Keith L. March MD, PhD, will moderate both tele-conferences. To participate in either tele-conference call: 317-278-7008 enter pin # 455774
Background: Stem cells are believed to be a key ingredient in the body's self-repair system-a sort of blank slate that can develop into multiple cells types. They can theoretically divide without limit to replenish other cells for a lifetime. When a stem cell divides, each new cell can either remain a stem cell or differentiate into a more specialized cell such as nerve, blood, bone or muscle. Stem cell based approaches may hold promise for treating or curing heart disease, diabetes, Parkinson's disease, stroke, spinal cord injury and genetic diseases.
Stem cells are classified in three ways. Depending on their origin and potential, they can be totipotent (able to become any kind of cell), pluripotent (able to give rise to any cell except those needed to develop a fetus) and multipotent (able to become a limited variety of cells). Adult stem cells are thought to be multipotent.
Adipose-derived Adult Stem Cells, in 2001, researchers from the University of California Los Angeles (UCLA) and the University of Pittsburgh first reported that stem cells could be isolated from adipose tissue removed during liposuction. Since then, researchers in the laboratory have suggested adipose-derived stem cells can be coaxed into new fat tissue, bone, cartilage, nerve, muscle and endothelial cells. In animal studies, these cells show potential for treatment of heart attack, stroke, or bone injury.
Adipose is an attractive source of cells because it is abundantly available, easily accessible and routinely discarded in medical procedures. In addition, there is great potential for the development of therapies using a patient's own cells.

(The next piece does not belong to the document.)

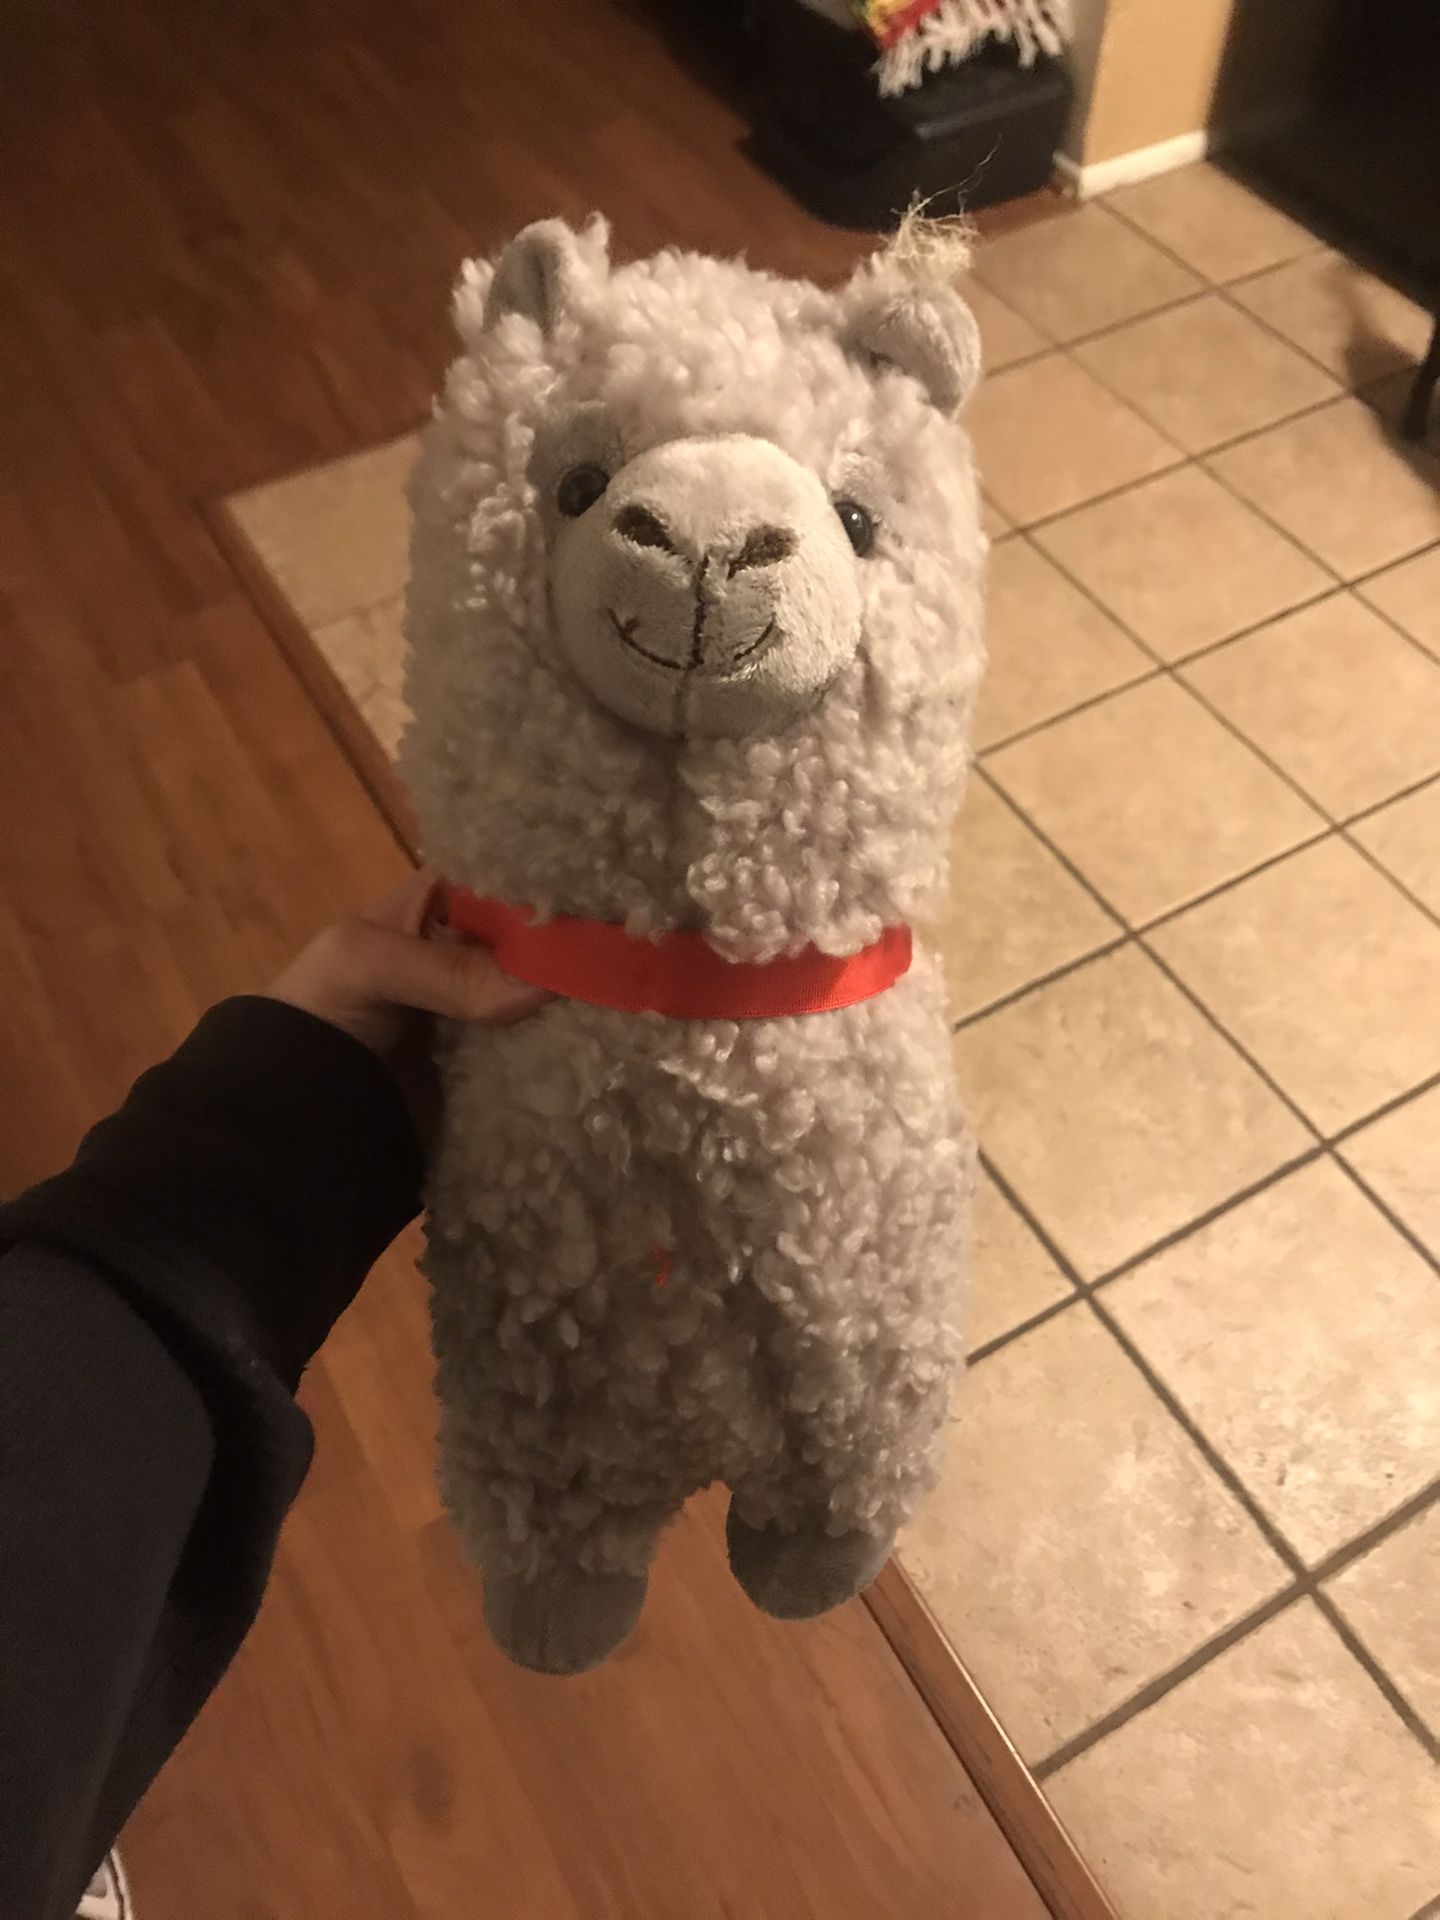 Llama stuffed animal

Adult stem cells are primitive cells that can renew and are capable of becoming the major cell types in the tissue or organ that harbors them. The primary roles of adult stem cells are to maintain and repair the tissue in which they are found. The process takes about two weeks to produce bone and three weeks to produce muscle cells.
Hundreds of millions of stem cells can be obtained from liposuction patient. One pint of liposuctioned fat or one pound of whole fat can yield up to 200 million stem cells, which culture can be expanded by 10 times over the course of two weeks.